The ASX's gold shares were glowing again on Monday after the gold price rebounded further.
Spot gold rose just over 1% and was last seen trading for US$1,350 an ounce after trading for less than US$1,320 an ounce just under a fortnight ago.
Here's how some of the gold miners responded today:
- EVOLUTION FPO (ASX: EVN) up 3%
- Beadell Resources Ltd (ASX: BDR) up 4.9%
- Independence Group NL (ASX: IGO) up 5.2%
- Newcrest Mining Limited (ASX: NCM) up 3.5%
- Regis Resources Limited (ASX: RRL) up 3.4%
- St Barbara Ltd (ASX: SBM) up 9%
- Silver Lake Resources Limited. (ASX: SLR) up 3.4%
Indeed, gold has generated huge gains for investors so far in 2016. It posted its strongest quarterly rise in more than three decades to start the year, driven mostly by fears related to a hard landing in China and a collapsing oil price. More recently, fears sparked by Brexit saw the gold price spring higher as well.
However, it's likely that a weaker US dollar and expectations of an extended period of loose monetary policy have also bolstered gold's price.

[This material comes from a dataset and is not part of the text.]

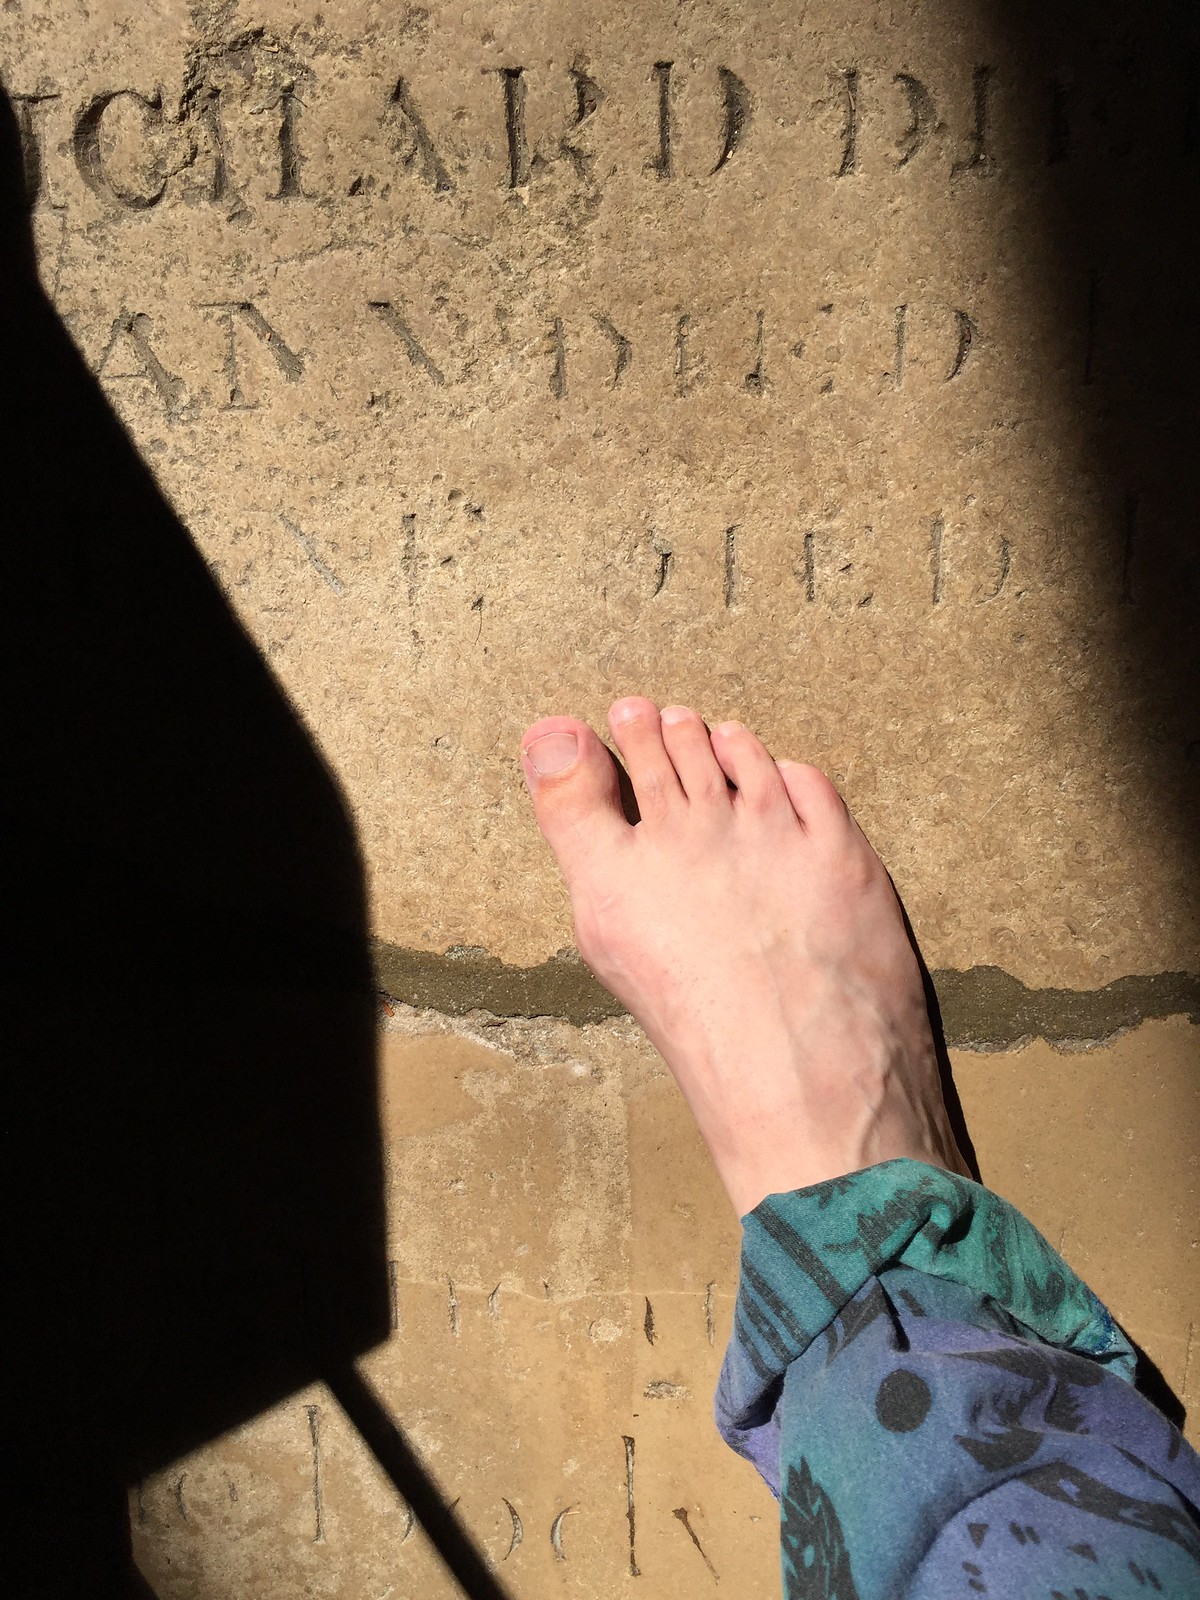 In Wimborne Minster - barefoot

A weaker US dollar makes gold more affordable to foreign countries and investors wanting to buy it, while weaker interest rates reduce the opportunity cost of holding gold.
In other words, because gold does not pay interest or a dividend (it can't, because it's just a rock…), demand for gold would likely fall if interest rates rose, giving investors somewhere else to generate a better return on their cash.

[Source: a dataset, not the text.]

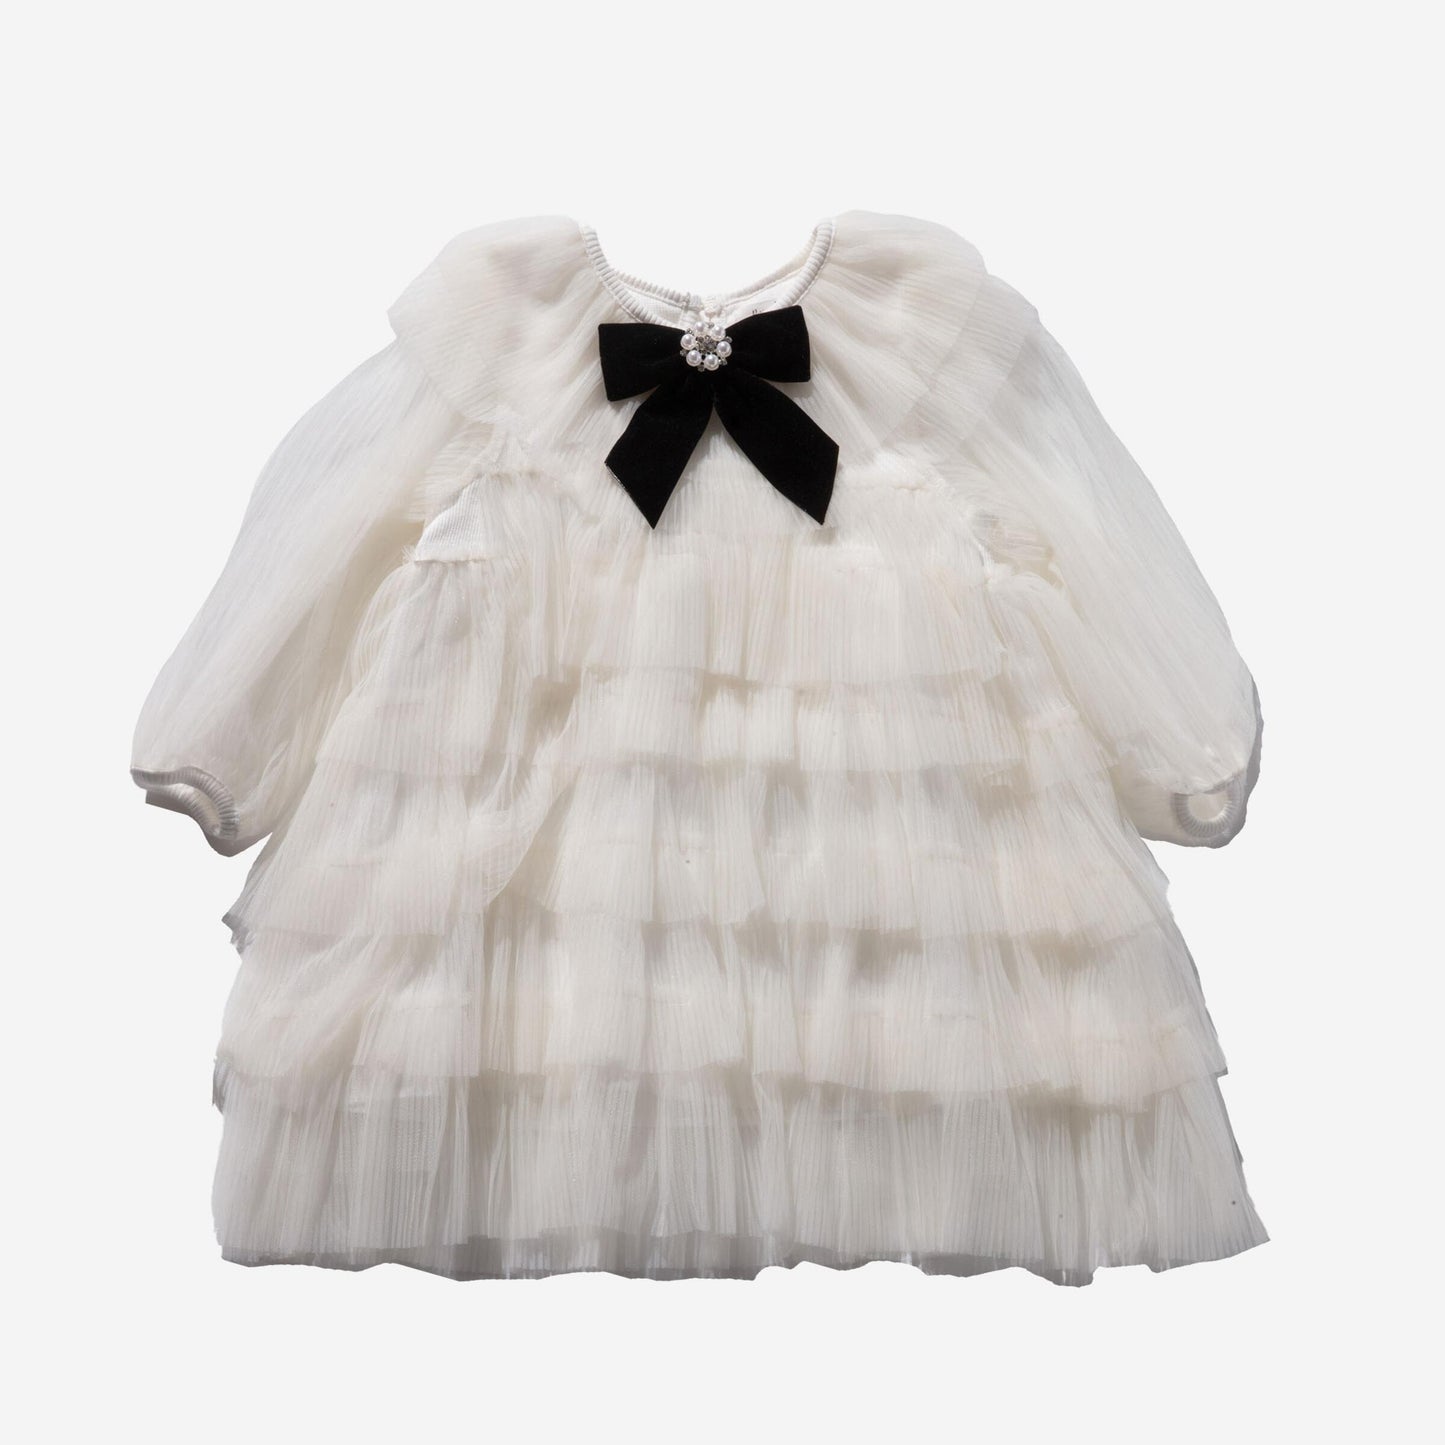 Six Layered Tulle Dress with Velvet Bow | Ivory, sz 6

Of course, a higher gold price is good for the miners that produce it – particularly given the weak Australian dollar (compared to the US greenback), which helps to boost the average realised price when selling it.
However, the gold miners have enjoyed a glorious run so far in 2016. While the climb has arguably been justified, investors do need to be careful not to speculate on those shares, while they could continue to rise on the back of a rising gold price, they could just as easily retreat heavily if the gold price were to suddenly fall.
As such, given the gains already achieved from the sector this year, investors may want to focus their attention elsewhere in the market.